The next question comes from Brian Reynolds with UBS. Please go ahead.

Brian Reynolds

Analyst · UBS. Please go ahead.

Maybe to start off, talk about the Marketlink open season. Just kind of curious if you can give a little bit more color around it and super interest that you're seeing so far? And just maybe talk about future demand for capacity from Cushing to Houston and Port Arthur demand markets, given the domestic and export market clearly demands more Canadian and U.S. barrels?

Richard Prior

Analyst · UBS. Please go ahead.

Yes, sure. Thanks. Glad you asked with the open season. So to start -- this is Richard Prior, by the way. This open season is an example of our new strategy of finding ways to increase utilization where we have latent capacity on the system. So, this is through in core or capital light, and in this case zero capital opportunities. So we launched an open season on Marketlink on April 8. It closes in mid-May, and it's going to enable Cushing crude to reach the domestic markets and in the Port Arthur and Houston areas. Before we launch the open season, we worked extensively with our customers, which gives us a strong understanding of where the market is. I'm quite pleased with the customer response that we've had. And based on the feedback, I'm confident that we'll be successful and we'll see an increase in committed contracts on the Marketlink system. You asked about other demand on MarketLink and there's a number of things that we're doing with that asset to make sure that we increase volumes and we work to fill up that light capacity and manage that I mentioned. We're actively managing our spot tool. And as a result of that, we've seen additional spot tool movements. We've taken a different strategy around our Houston tank terminal position, and we're starting to see more barrels going to the Houston marketplace. We're starting to see an uptick in diversions from Patoka, Cushing flowing all the way to the Gulf Coast. And that's a lot based on refinery pull for increased heavies. And we're doing things like we're adding the Port Neches link that François mentioned in his opening comments where we're going to extend the Keystone system down to Motiva's facility. That's the largest North American refinery. And things like that, we're confident are going to increase the pull down our system all the way to the Gulf Coast. And I think the future is very bright for that part of the system.

Brian Reynolds

Analyst · UBS. Please go ahead.

Great, I appreciate the color. And then maybe as a follow-up to the subordinated loan capacity question increase. While I understand there's no update on the potential total cost for Costa GasLink at this time, could you perhaps just let us know what the project spend has been to date for Coastal GasLink to help us gauge potential future CapEx needs with the project roughly 65% complete at this time? François Poirier: Yes, it's François, Brian. We have contractual agreements with our customer not to disclose what they view as market-sensitive information. You can expect a generally linear relationship between the fact that we're 63% complete and the aggregation of the project financing and the subordinated loans. And we'll -- once we reach hopefully, an amicable solution with our customer, we'll be able to provide additional details.
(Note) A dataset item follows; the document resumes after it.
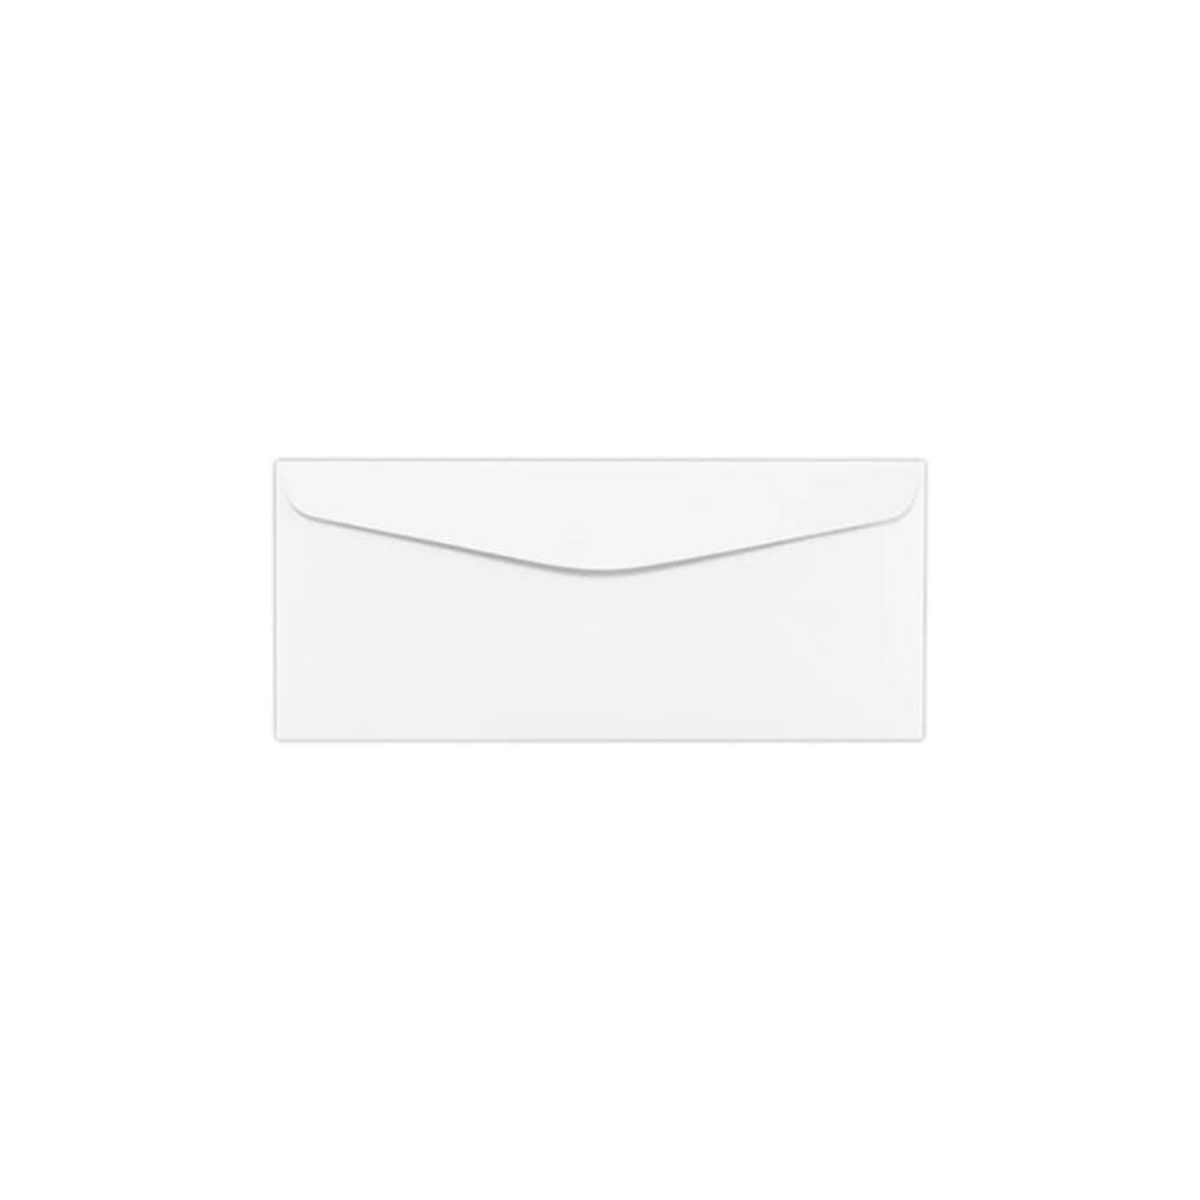 Reskid #9 Envelopes - 2500 Bulk Box - 3 7/8" x 8 7/8" Small Return Envelopes - Blank Windowless White Envelopes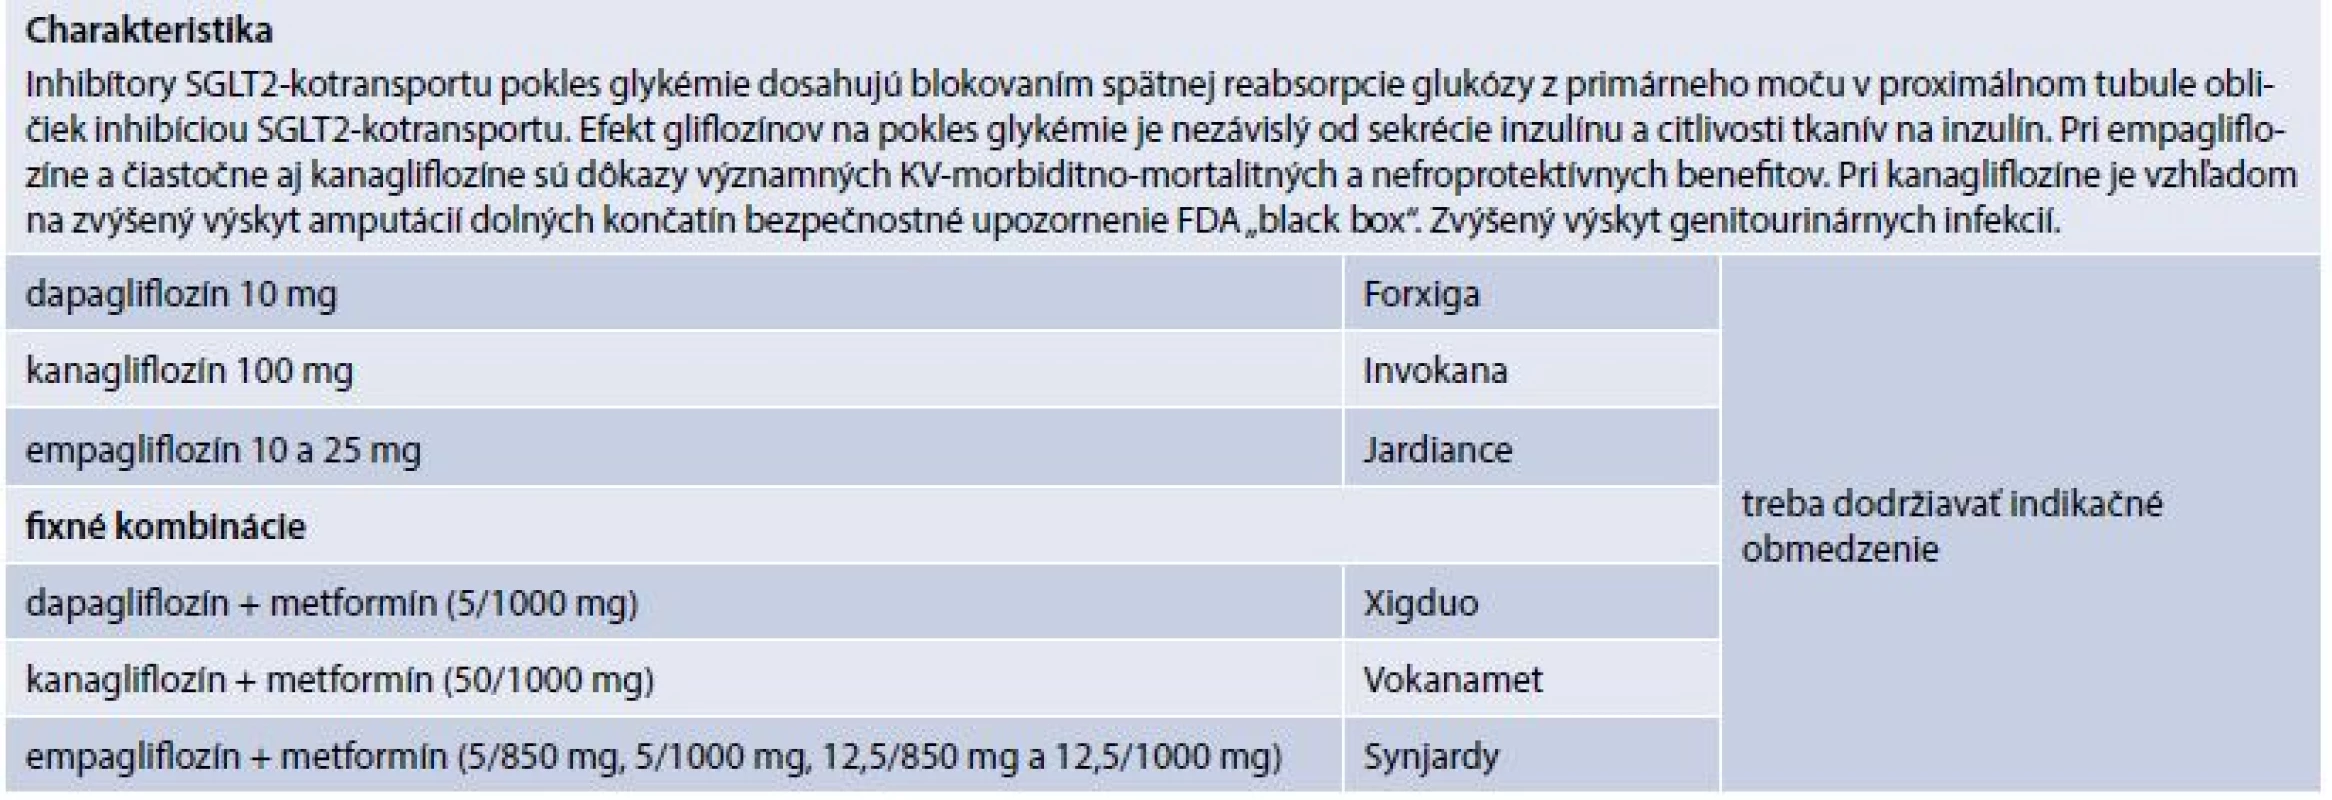 Charakteristika Inhibítory SGLT2-kotransportu (prípravky kategorizované na Slovensku)

And as Bevin mentioned, we expect that to happen here in the near future.

Operator

Operator

The next question comes from Michael Lapides with Goldman Sachs. Please go ahead.

Michael Lapides

Analyst · Goldman Sachs. Please go ahead.

I have one nuanced one for first quarter earnings or first quarter comparable EBITDA. If I look at the Canadian Gas Pipeline segment and down year-over-year around $40 million. But I assume the bulk of that is just the roll-off of the mainline -- the net earnings neutral impact on the depreciation for the Canadian Mainline. And I thought that was around $40 million a quarter or so. And if so, that would imply EBITDA year-over-year was flat there quite pretty good volume growth. I just want to make sure I understand what -- kind of why flat, why not up a bit year-over-year at that segment?

Greg Grant

Analyst · Goldman Sachs. Please go ahead.

Yes, Michael. It is Greg Grant here from Canada Gas. And I think you got that right from the EBITDA front. Certainly, that is partially mainline. But I think you also have to remember and consider there's tax depreciation that moves quarter-to-quarter, and we have some offsetting effects to that. I think net income is a much better measure for our business. And I think as you would see and as you model the increased capacity and capital that we continue to put in the ground, you will see the net income continue to follow that and correlate quite closely to that.

Michael Lapides

Analyst · Goldman Sachs. Please go ahead.

Got it. Okay. And then how are you all -- I noticed in the financing slide like when you showed the two bars, and Joel, you spent a good amount of time walking through that. When I look at the fourth quarter slide, that same slide, so the 2022 to 2024 financing, I don't know if you mentioned use of hybrids in the fourth quarter slide, but I think it did today. Are you guys thinking you have a need for convertible securities in the next couple of years? And do you think it's a sizable portion of that kind of that funding bar? Or is it just kind of tiny and rounding error relative to your enterprise value?

Bevin Wirzba

Analyst · Goldman Sachs. Please go ahead.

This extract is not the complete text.